Collected data:
☆ ☆ ☆ ☆

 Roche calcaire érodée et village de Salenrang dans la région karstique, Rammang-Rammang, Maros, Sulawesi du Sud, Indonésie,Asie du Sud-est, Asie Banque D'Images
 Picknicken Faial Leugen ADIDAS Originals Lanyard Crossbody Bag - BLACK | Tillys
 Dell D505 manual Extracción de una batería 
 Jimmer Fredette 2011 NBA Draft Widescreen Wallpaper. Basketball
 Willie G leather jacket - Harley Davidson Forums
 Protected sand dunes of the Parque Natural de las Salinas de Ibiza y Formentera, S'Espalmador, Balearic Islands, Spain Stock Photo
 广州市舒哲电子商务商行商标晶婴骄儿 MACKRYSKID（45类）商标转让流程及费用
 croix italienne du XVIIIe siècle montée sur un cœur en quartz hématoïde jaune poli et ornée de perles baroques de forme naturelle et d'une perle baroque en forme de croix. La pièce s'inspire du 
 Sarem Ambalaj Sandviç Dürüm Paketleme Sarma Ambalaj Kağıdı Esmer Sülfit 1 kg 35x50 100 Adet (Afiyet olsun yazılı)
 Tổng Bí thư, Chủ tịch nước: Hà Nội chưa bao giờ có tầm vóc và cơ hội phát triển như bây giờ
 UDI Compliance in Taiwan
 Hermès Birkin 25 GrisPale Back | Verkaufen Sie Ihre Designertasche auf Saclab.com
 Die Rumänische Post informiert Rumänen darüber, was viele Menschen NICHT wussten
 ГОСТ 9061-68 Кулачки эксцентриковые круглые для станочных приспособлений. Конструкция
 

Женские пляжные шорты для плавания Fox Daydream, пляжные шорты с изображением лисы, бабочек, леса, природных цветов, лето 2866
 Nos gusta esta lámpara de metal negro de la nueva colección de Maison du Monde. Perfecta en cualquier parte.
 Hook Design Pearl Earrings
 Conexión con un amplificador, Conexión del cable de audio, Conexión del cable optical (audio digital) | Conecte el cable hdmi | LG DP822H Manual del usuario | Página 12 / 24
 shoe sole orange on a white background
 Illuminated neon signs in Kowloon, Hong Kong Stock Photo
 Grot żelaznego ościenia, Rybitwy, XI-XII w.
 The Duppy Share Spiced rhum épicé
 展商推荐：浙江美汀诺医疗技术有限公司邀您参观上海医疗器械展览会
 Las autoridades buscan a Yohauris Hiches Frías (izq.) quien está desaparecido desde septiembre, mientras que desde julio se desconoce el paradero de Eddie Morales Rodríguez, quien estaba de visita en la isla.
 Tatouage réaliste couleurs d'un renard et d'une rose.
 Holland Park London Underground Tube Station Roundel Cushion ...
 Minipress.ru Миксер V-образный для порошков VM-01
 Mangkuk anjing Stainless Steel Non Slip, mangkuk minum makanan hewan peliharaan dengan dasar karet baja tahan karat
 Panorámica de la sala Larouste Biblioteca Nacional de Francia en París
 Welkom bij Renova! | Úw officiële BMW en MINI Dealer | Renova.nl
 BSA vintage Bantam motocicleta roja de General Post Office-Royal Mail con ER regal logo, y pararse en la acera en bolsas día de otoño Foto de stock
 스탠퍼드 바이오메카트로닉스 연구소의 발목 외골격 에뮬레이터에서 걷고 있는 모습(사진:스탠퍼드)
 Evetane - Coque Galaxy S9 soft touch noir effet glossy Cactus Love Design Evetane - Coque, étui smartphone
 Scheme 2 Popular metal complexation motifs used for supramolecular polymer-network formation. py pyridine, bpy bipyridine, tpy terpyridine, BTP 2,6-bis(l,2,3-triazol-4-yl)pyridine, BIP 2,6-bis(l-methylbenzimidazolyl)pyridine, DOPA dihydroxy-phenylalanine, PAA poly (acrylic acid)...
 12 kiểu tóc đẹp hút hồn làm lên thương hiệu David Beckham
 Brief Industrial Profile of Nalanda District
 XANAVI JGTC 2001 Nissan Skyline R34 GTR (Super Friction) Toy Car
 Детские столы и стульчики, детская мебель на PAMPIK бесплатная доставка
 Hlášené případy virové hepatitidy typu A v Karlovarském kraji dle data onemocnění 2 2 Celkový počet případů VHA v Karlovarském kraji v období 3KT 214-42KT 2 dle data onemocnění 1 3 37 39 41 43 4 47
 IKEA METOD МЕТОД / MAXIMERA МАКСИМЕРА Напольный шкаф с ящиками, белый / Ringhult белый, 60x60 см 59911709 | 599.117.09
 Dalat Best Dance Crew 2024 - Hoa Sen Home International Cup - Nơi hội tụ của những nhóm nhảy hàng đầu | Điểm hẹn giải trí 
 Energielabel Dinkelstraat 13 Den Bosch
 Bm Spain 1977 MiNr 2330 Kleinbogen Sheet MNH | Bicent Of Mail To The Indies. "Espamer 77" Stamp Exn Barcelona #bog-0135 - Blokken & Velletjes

☆ ☆ ☆ ☆

#### What is expected:
Starting at the first line of the records, print each line exactly, stopping after the line that contains "Dell D505 manual Extracción de una batería".

#### Output below:
 Roche calcaire érodée et village de Salenrang dans la région karstique, Rammang-Rammang, Maros, Sulawesi du Sud, Indonésie,Asie du Sud-est, Asie Banque D'Images
 Picknicken Faial Leugen ADIDAS Originals Lanyard Crossbody Bag - BLACK | Tillys
 Dell D505 manual Extracción de una batería 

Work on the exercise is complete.